Прокрутите мышь, чтобы увеличить и перетащить ячейку, чтобы повернуть ее в любом направлении. Для количественной морфологической и биохимической функции извлечения функции поместите все томографические данные в одну папку и разделите типы клеток на отдельные субфолдеры в основной папке. Затем откройте дополнительный файл извлечения функций в соответствующем программном обеспечении для визуализации и отредактировать строку 14 для обозначения папки томограммы, из которой должны быть извлечены данные.
Редактировать строку 15 для обозначения папки, в которую должны быть сохранены извлеченные данные функции, и выполнить код. Для каждой томограммы в наборе данных код будет вычислять площадь поверхности, объем клеток, сферичность, плотность белка и сухую массу на порог рефракционного индекса. Для контролируемого обучения и идентификации используйте простой алгоритм случайного расщепления в MATLAB, чтобы случайным образом разделить извлеченные данные функции на отдельные папки обучения и тестового набора.
Откройте дополнительный учебный файл и отредактировать строку 14 для обозначения папки набора обучения, строку 16 для обозначения папки для сохранения обученного классификатора и строку 17, чтобы установить имя файла для классификатора. Затем выполните код. Используя выбранные функции учебного набора, код будет обучать классификатор с алгоритмом ближайшего соседа K и сохранить классификатор в назначенной папке.
Затем откройте дополнительный тестовый файл три и отредактировать строки с 14 по 15, чтобы назначить обученный классификатор для тестирования и строку 17 для обозначения обученного тестового набора. Затем выполните код. Классификатор определит типы клеток отдельных лимфоцитов в тестовом наборе.
Здесь показаны репрезентативные 3D-рефракционные рефракционные томограммы В-лимфоцитов, CD4 положительные Т-лимфоциты и CD8 положительные Т-лимфоциты с различными цветовыми схемами, выделенные в соответствии с значениями рефракционного индекса, присвоенными с помощью программного обеспечения для визуализации. Из рефракционных значений индекса можно рассчитать количественные морфологические и биохимические особенности. В этом эксперименте точность классификации Т и В лимфоцитов составила 93,15% и 89,81% для учебных и тестовых случаев соответственно.

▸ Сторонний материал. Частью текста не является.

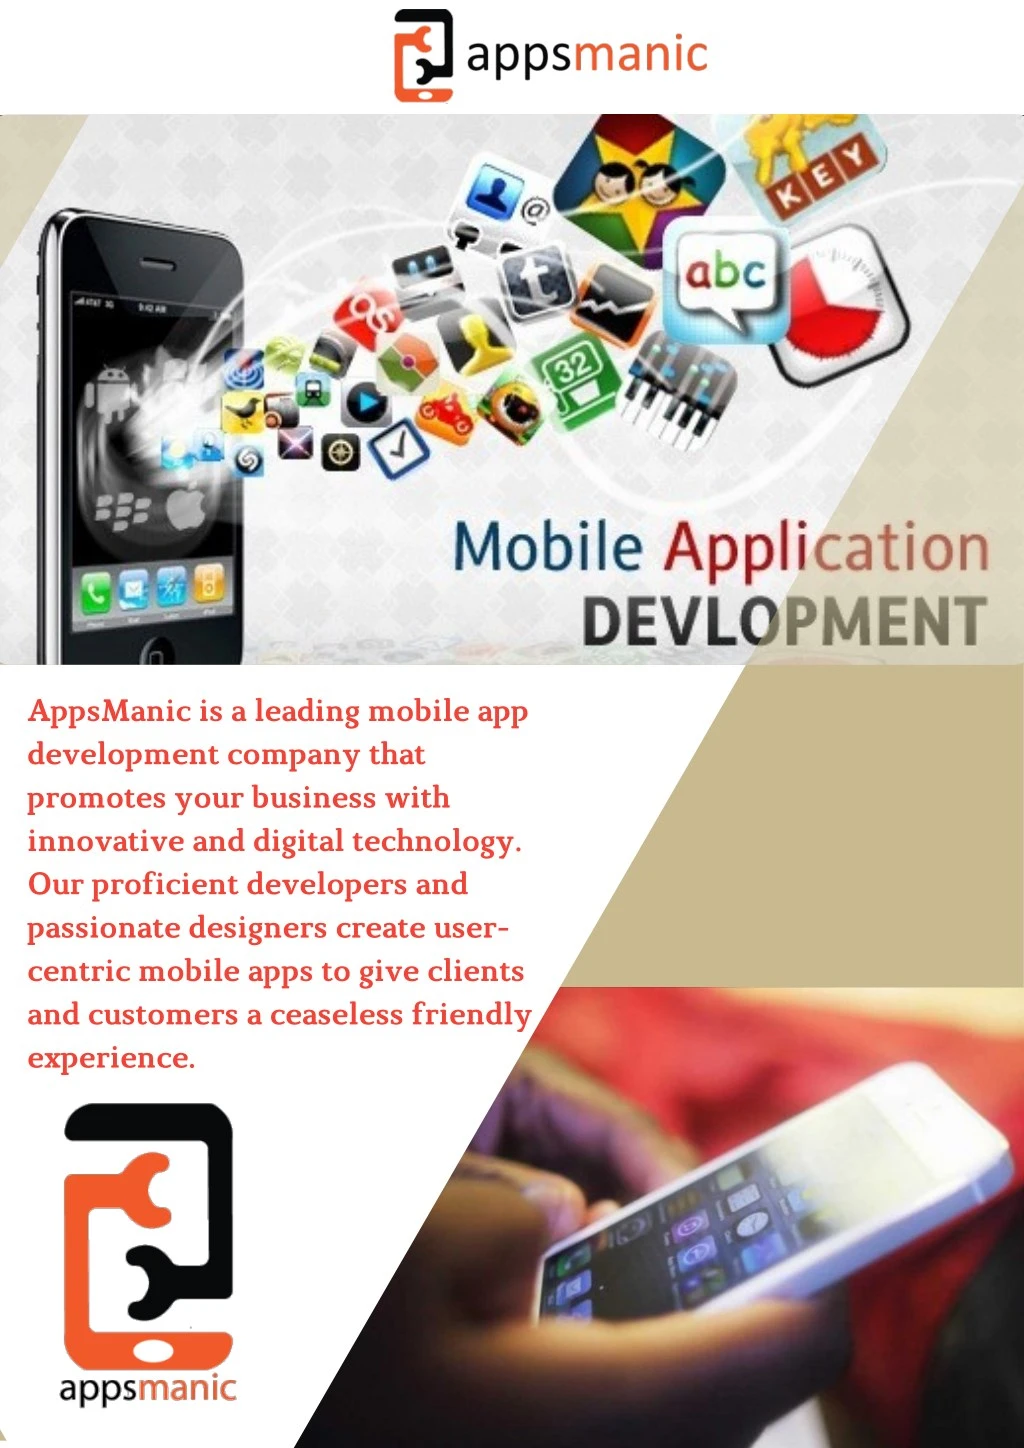 appsmanic is a leading mobile app development
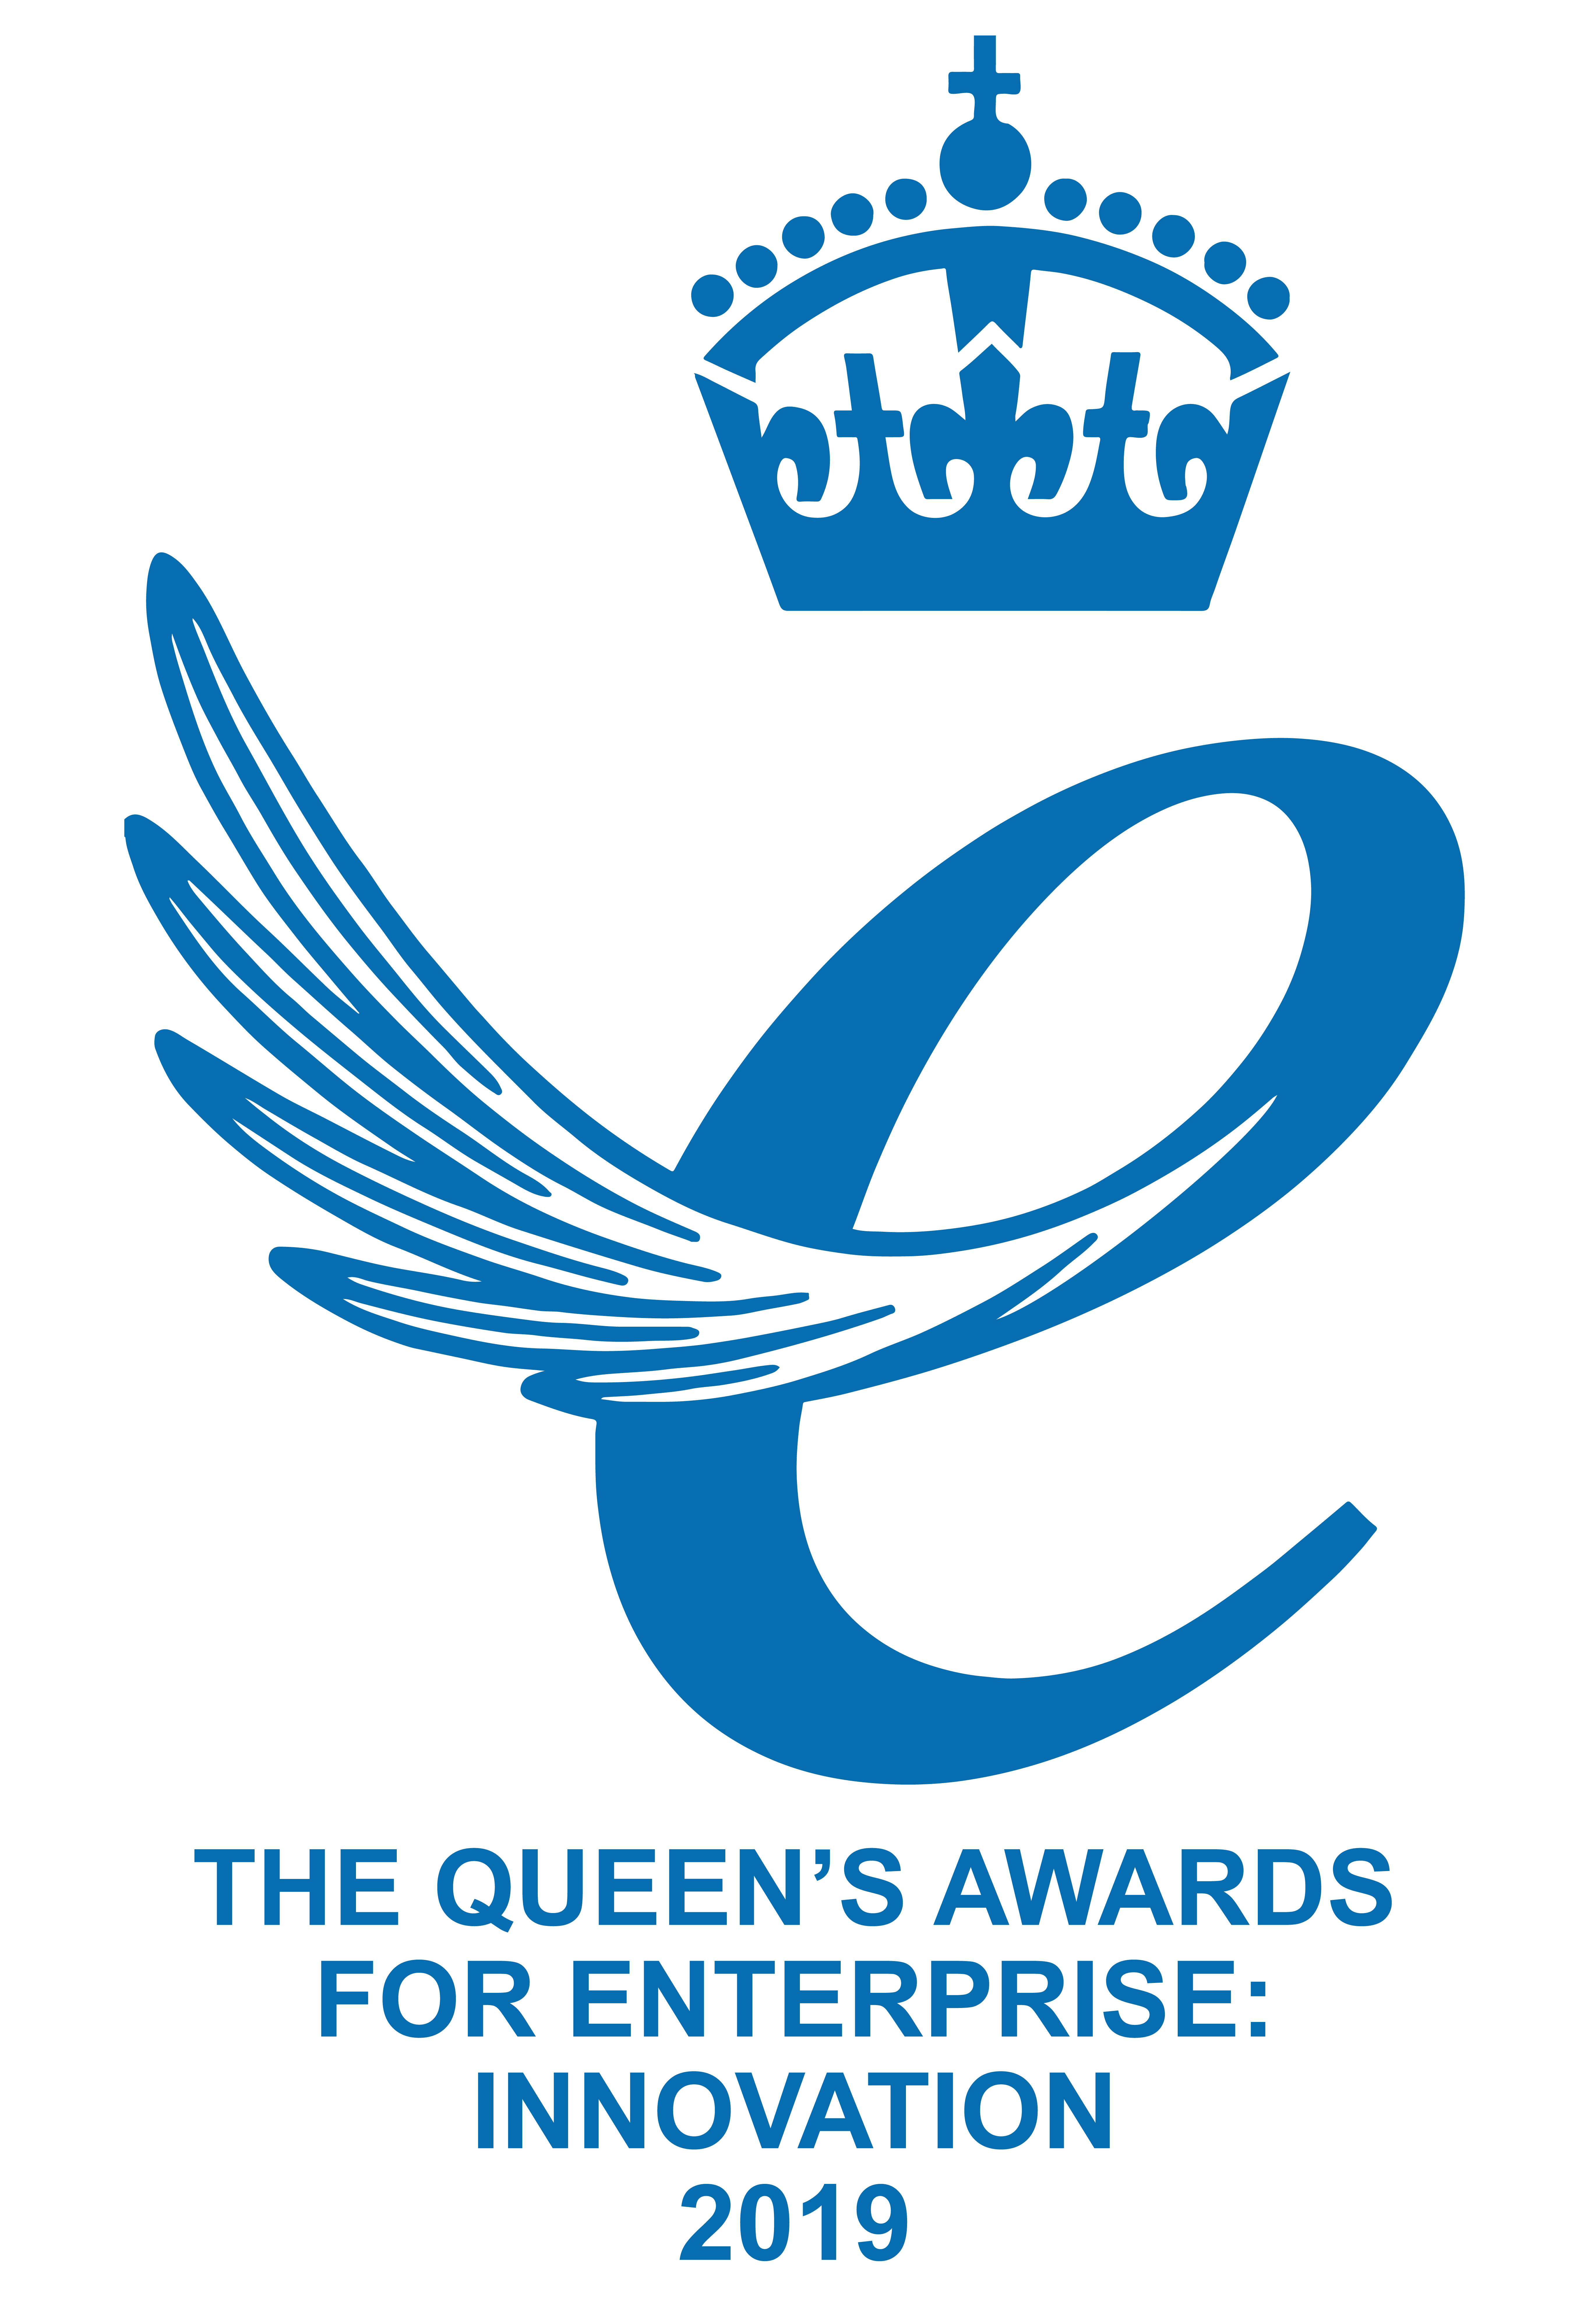 Queen’s Award for Enterprise, Innovation 2019

CD4 положительные и CD8 положительные Т-лимфоциты были статистически классифицированы, и точность была 87,41% и 84,38% для обучения и тестовых наборов соответственно. Наконец, точность многоклассного классификатора типа ячейки составила 80,65% и 75,93% для учебных и тестовых этапов соответственно. Качество и количество изображений имеют важное значение для успеха этой техники.
Чем лучше качество изображения и чем выше объем данных, тем выше точность идентификации. Глубокое обучение может быть использовано для более полного анализа сложных данных томограмм, что значительно повышает производительность идентификации. Кроме того, флуоресценция и 3D количественная фазовая визуализация могут быть использованы для исследования пути физиологических ролей выявленных лимфоцитов.
После своего развития этот метод проложил путь для исследователей в области клеточной биологии и биомедицины для изучения конкретных заболеваний, представляющих интерес в различных организмах. Действительно, иммунологи, в частности, могут извлечь выгоду из использования этой новой технологии для выявления населения, представляющих интерес.